AD/MNU/HP group mice were inoculated with H. pylori strain PMSS1 and fed
with 2.5% AN-containing diet and 200 ppm MNU-containing water.
11
3. H. pylori culture and mouse infection
H. pylori PMSS1 strain was stored as frozen stock at -80 °C in brain-heart
infusion medium supplemented with 20% glycerol and 10% fetal bovine serum
(FBS) (Gibco-BRL, Grand Island, NY, USA). H. pylori was grown on horse blood
agar plates containing 4% Columbia blood agar base (Oxoid, Basingstoke,
Hampshire, UK), 5% defibrinated horse blood (HemoStat Labs, Dixon, CA, USA),
0.2% b-cyclodextrin, 10 mg/mL vancomycin, 2.5 U/mL polymyxin B, 5 mg/mL
trimethoprim, and 8 mg/mL amphotericin B at 37 °C under microaerobic
condition. A microaerobic atmosphere was generated using a CampyGen sachet
(Oxoid) in a gas-pak jar (BD, Franklin Lakes, NJ, USA). For liquid culture, H.

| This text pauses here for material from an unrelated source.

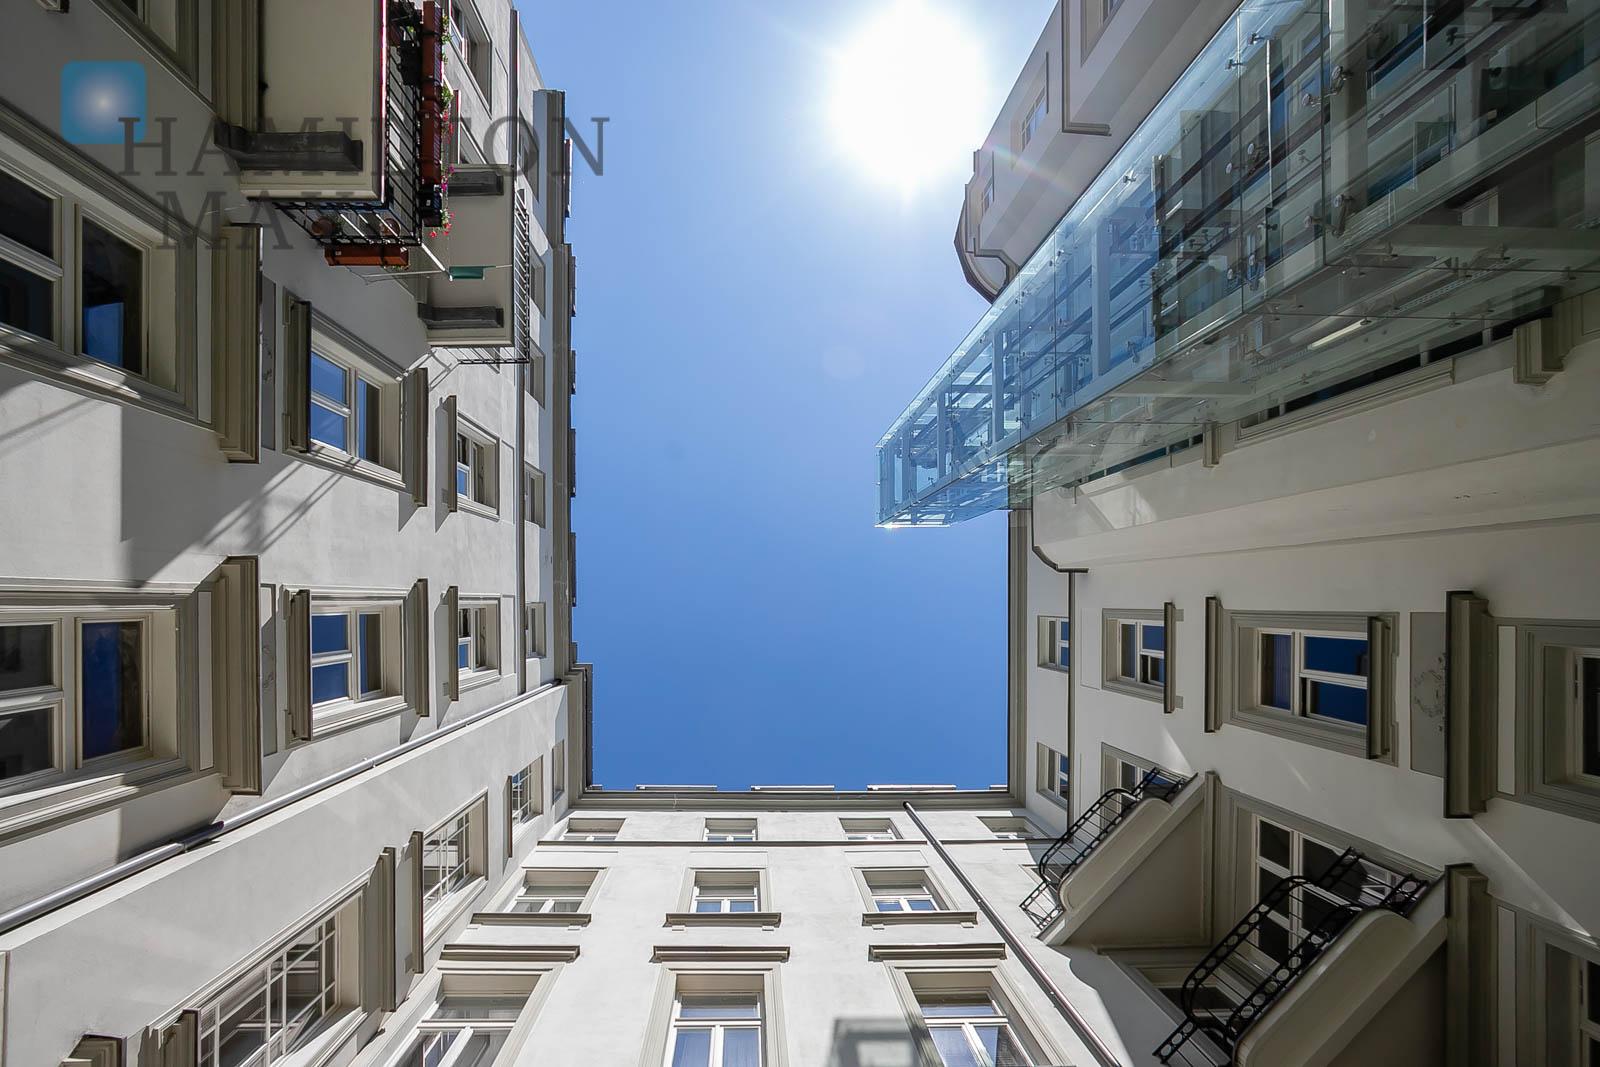 Wyjątkowy apartament w przedwojennej kamienicy Warszawa na sprzedaż

pylori was grown in brucella broth (Difco & BBL Diagnostics, Franklin Lakes, NJ,
USA) containing 10% FBS and 10 μg/mL vancomycin. Cultures were shaken at
110 rpm, in a microaerobic environment. According to the growth curve, 2 × 107
bacteria were collected and resuspended in 250 μL of brucella broth, which was
inoculated for mouse infection via intragastric gavage after fasting for 24 h.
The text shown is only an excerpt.